Please repeat, exactly and without pictures, the lines of the entries below that run from the one containing "Blaubärten Burg, Charlotte" through the one containing "Tlingit & Haida WA Chapter".

• [Entries supplied]:
--- --- ---
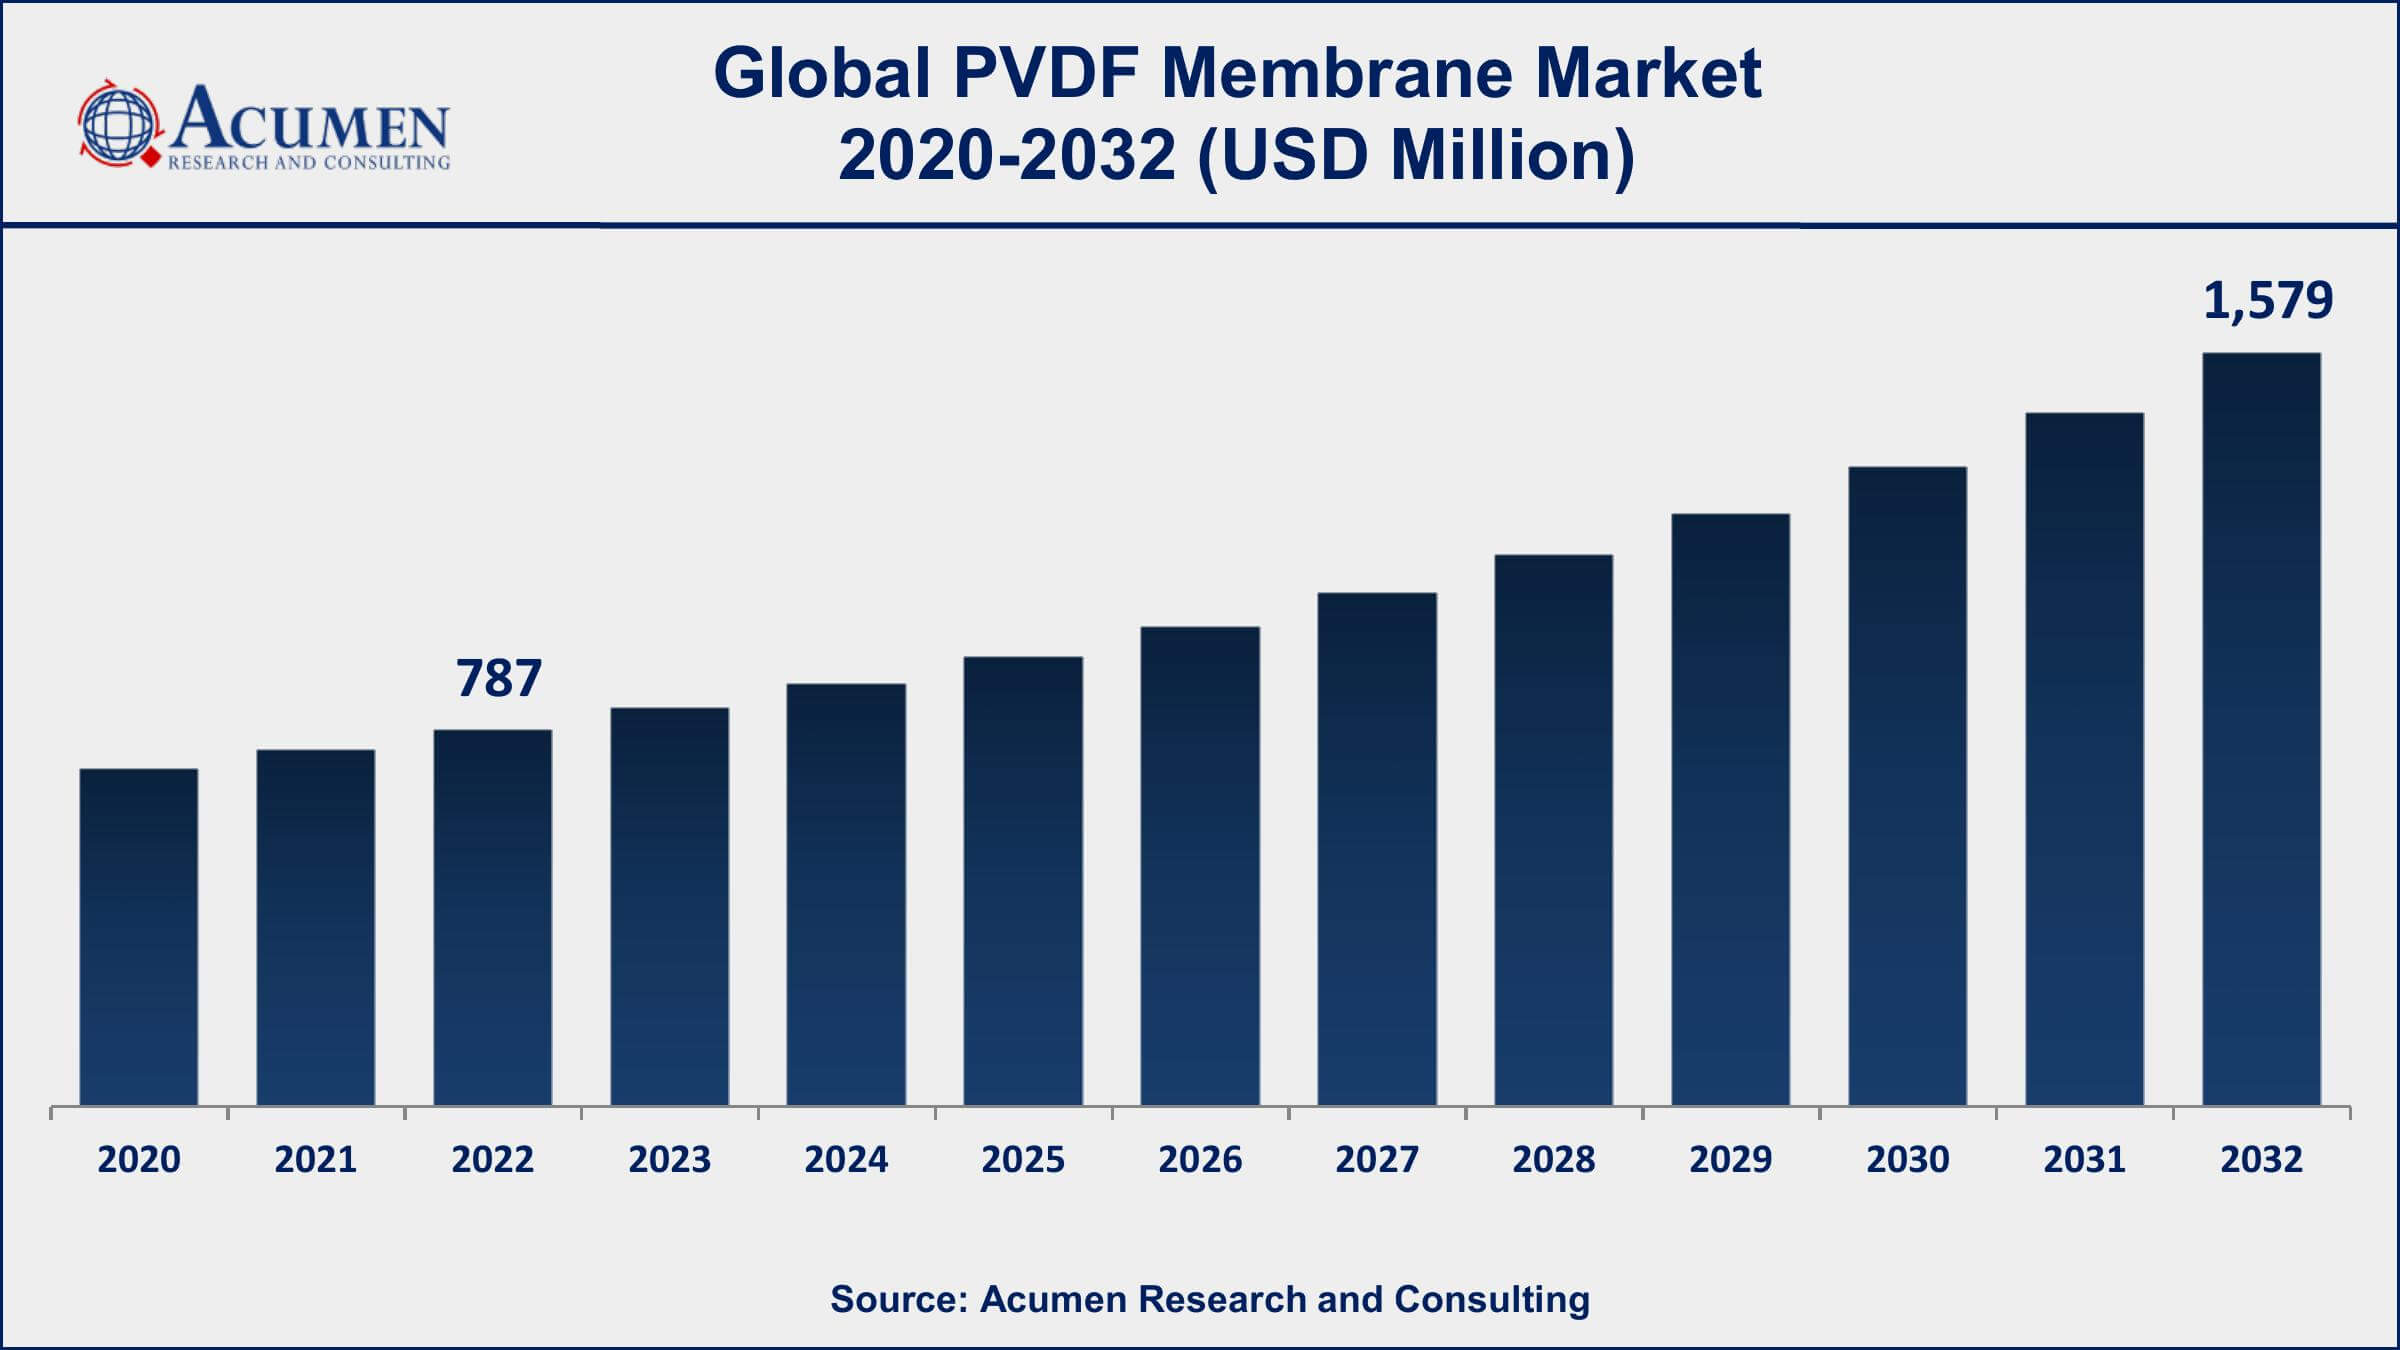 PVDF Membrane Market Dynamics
--- --- ---
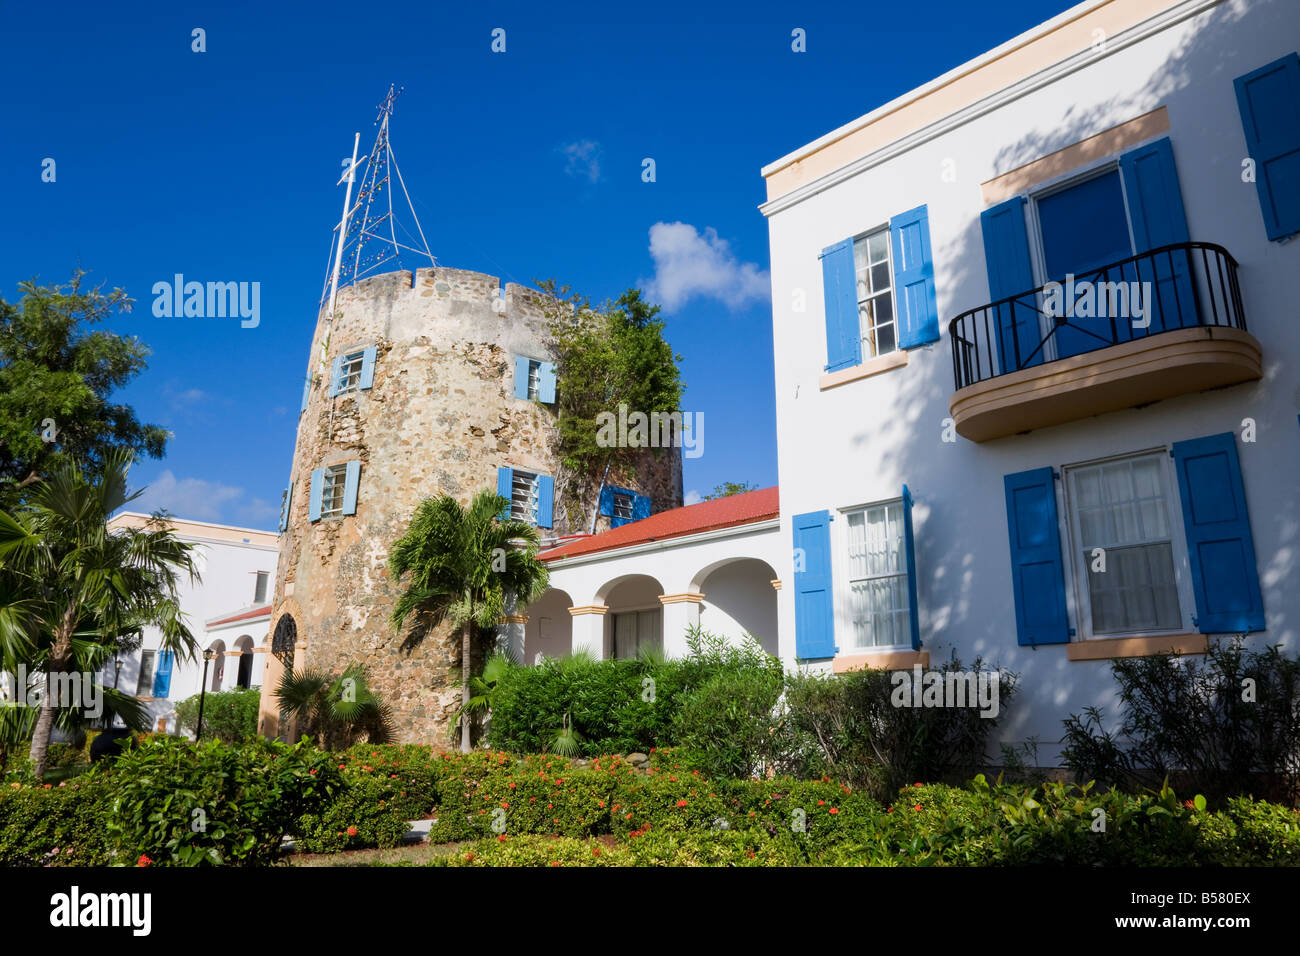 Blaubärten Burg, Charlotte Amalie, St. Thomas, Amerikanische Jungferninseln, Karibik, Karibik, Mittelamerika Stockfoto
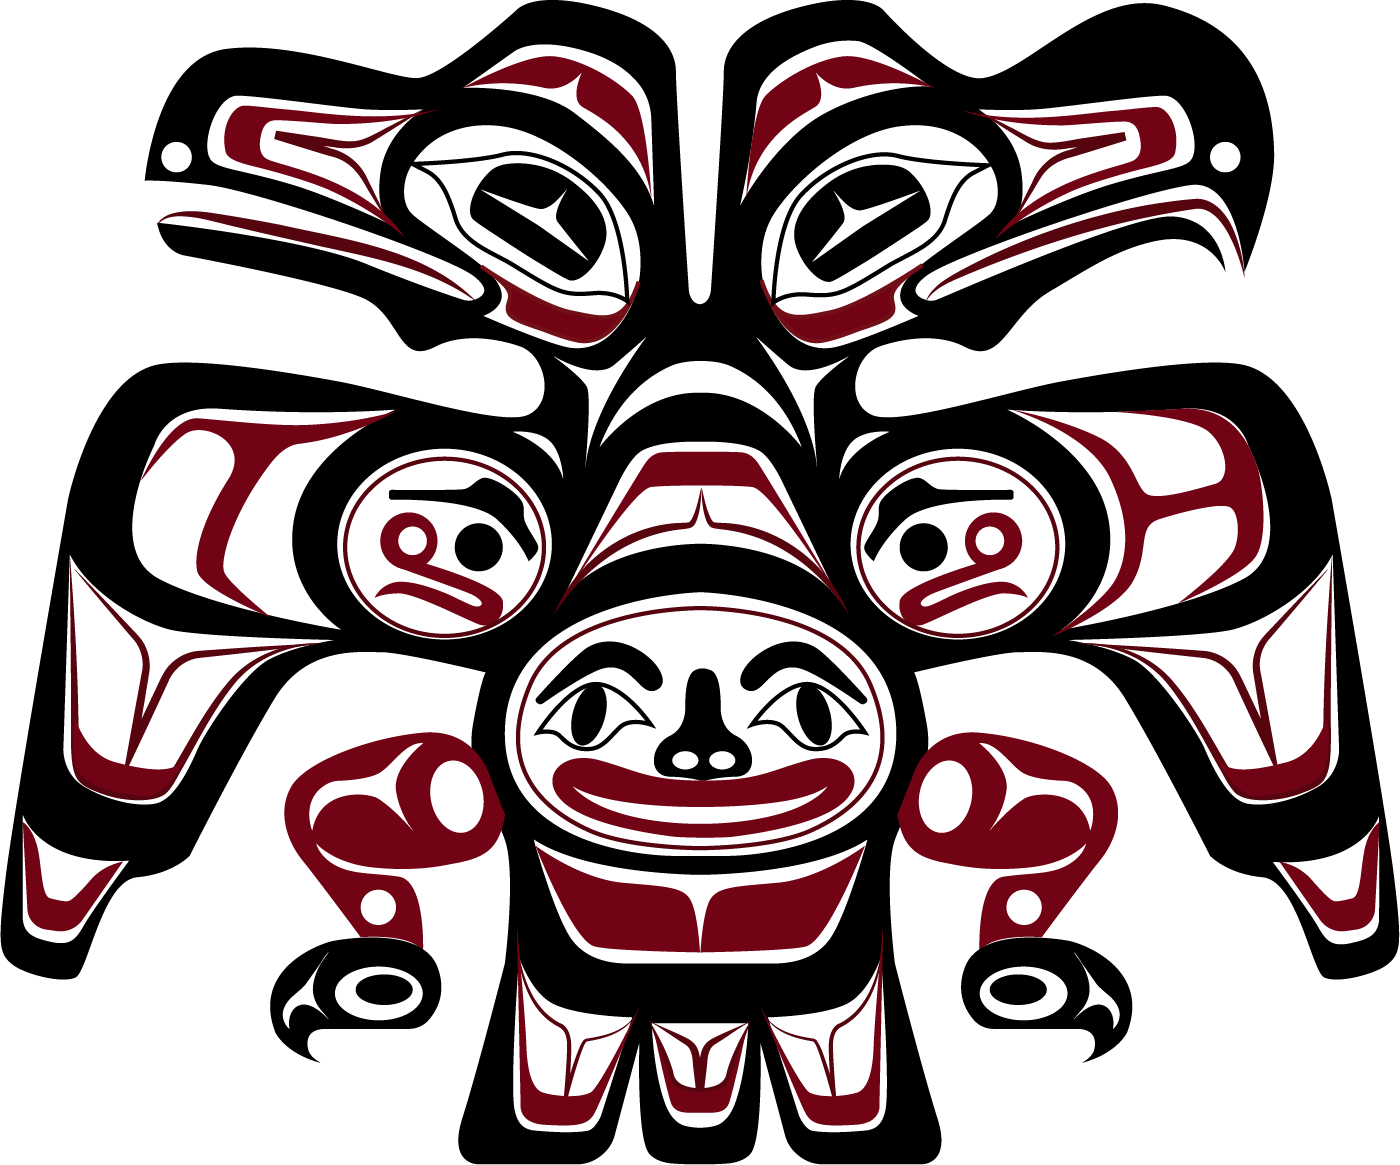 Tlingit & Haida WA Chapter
--- --- ---
• [Answer for the task]:
 Blaubärten Burg, Charlotte Amalie, St. Thomas, Amerikanische Jungferninseln, Karibik, Karibik, Mittelamerika Stockfoto
 Tlingit & Haida WA Chapter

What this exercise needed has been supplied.